Prior to having knowledge of pottery, Native Americans made cooking bowls out of soap stone.  Even after ceramics became common place, certain decorative and utilitarian objects such as grindstones, pipes and fishing sinkers, were still made out of soapstone.  The oldest Native American pottery is found in eastern Georgia (2500 BC.) The technology apparently spread to other parts of North America and Mexico from there.

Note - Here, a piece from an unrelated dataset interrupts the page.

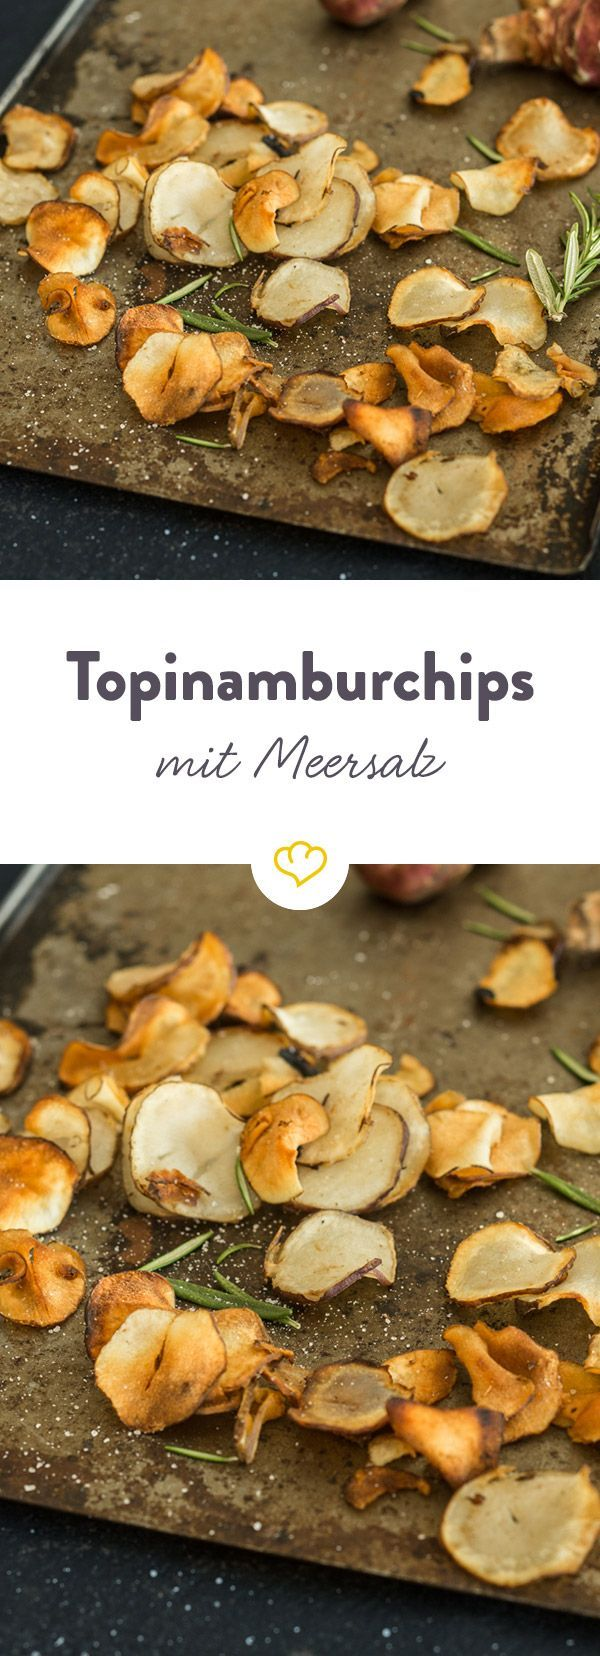 Diese super knusprigen Chips werden aus Topinambur hergestellt und sind von Natur aus fettarm. Für den Geschmack: Ein Topping aus Rosmarin und Salz.
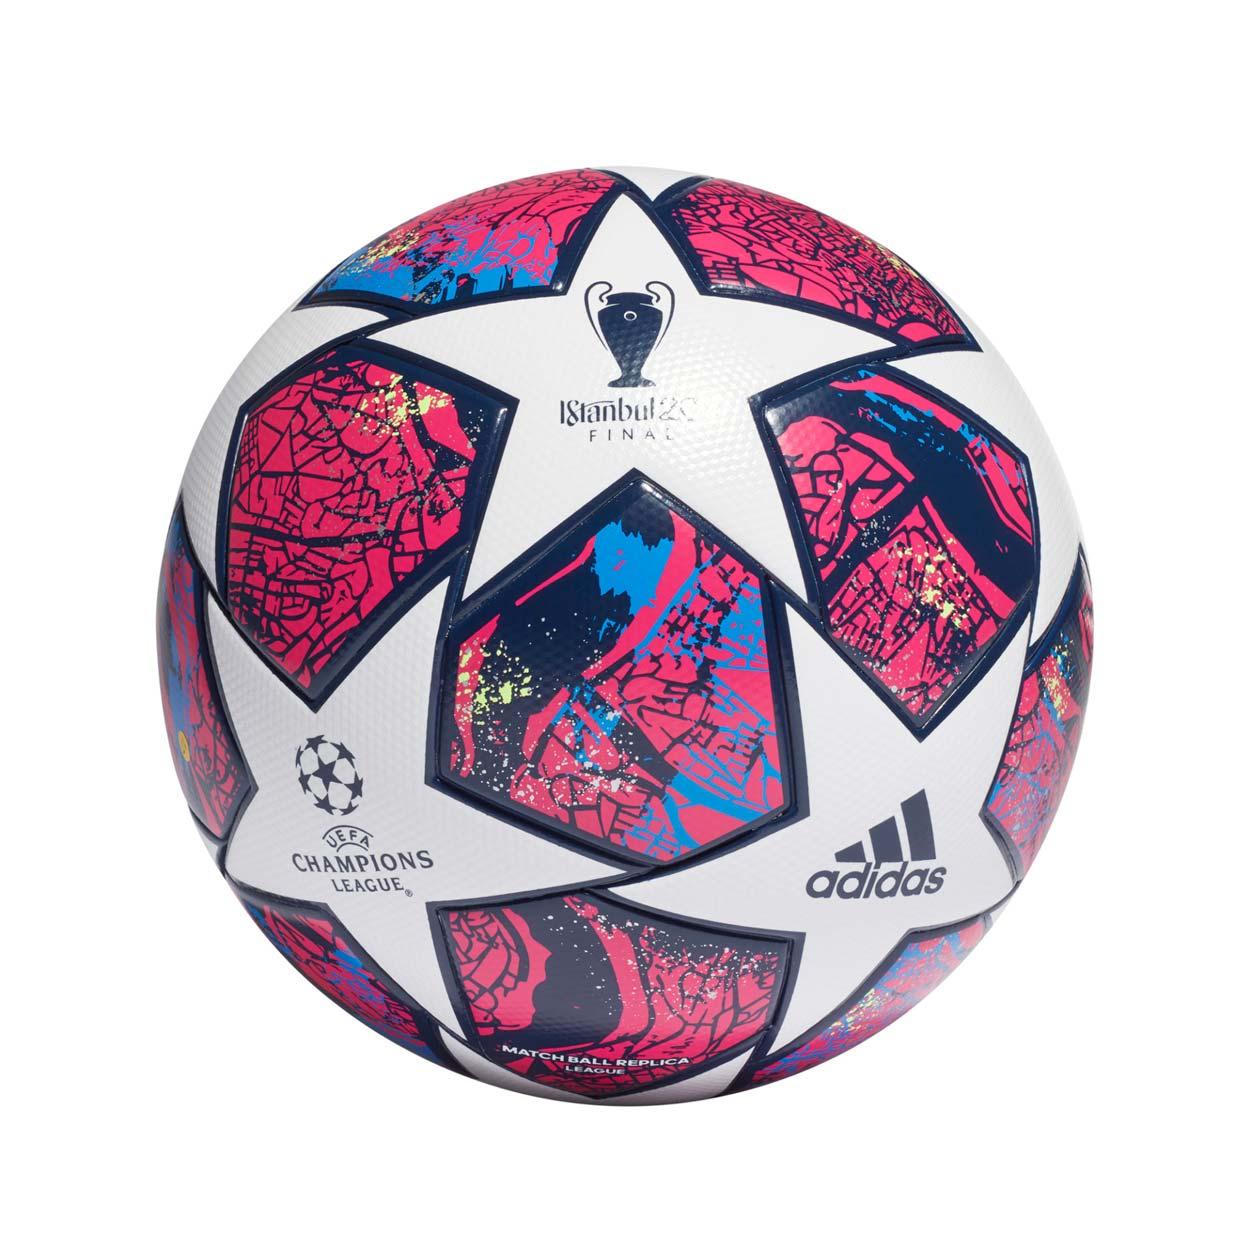 Ballon adidas de la Finale Champions League Istanbul 2020 VIEW 1

The designs on the rocks were made by a variety of techniques, including incising, pecking and smoothing.  During the latter half of the 20th century, acid rain created by the many coaled fired power plants in the Tennessee Valley, have severely eroded the boulder.  Current analysis of the petroglyphs must be based on drawings from the 1930s, before the power plants were built.

The petroglyphs in Cherokee folklore and North Carolina archaeology

Smithsonian Institute ethnologist, James Mooney, wrote in the 1880s that the Cherokees like to camp around the rocks, when hunting.  It is also documented that the Cherokees held ceremonial assemblies in a meadow near the rocks.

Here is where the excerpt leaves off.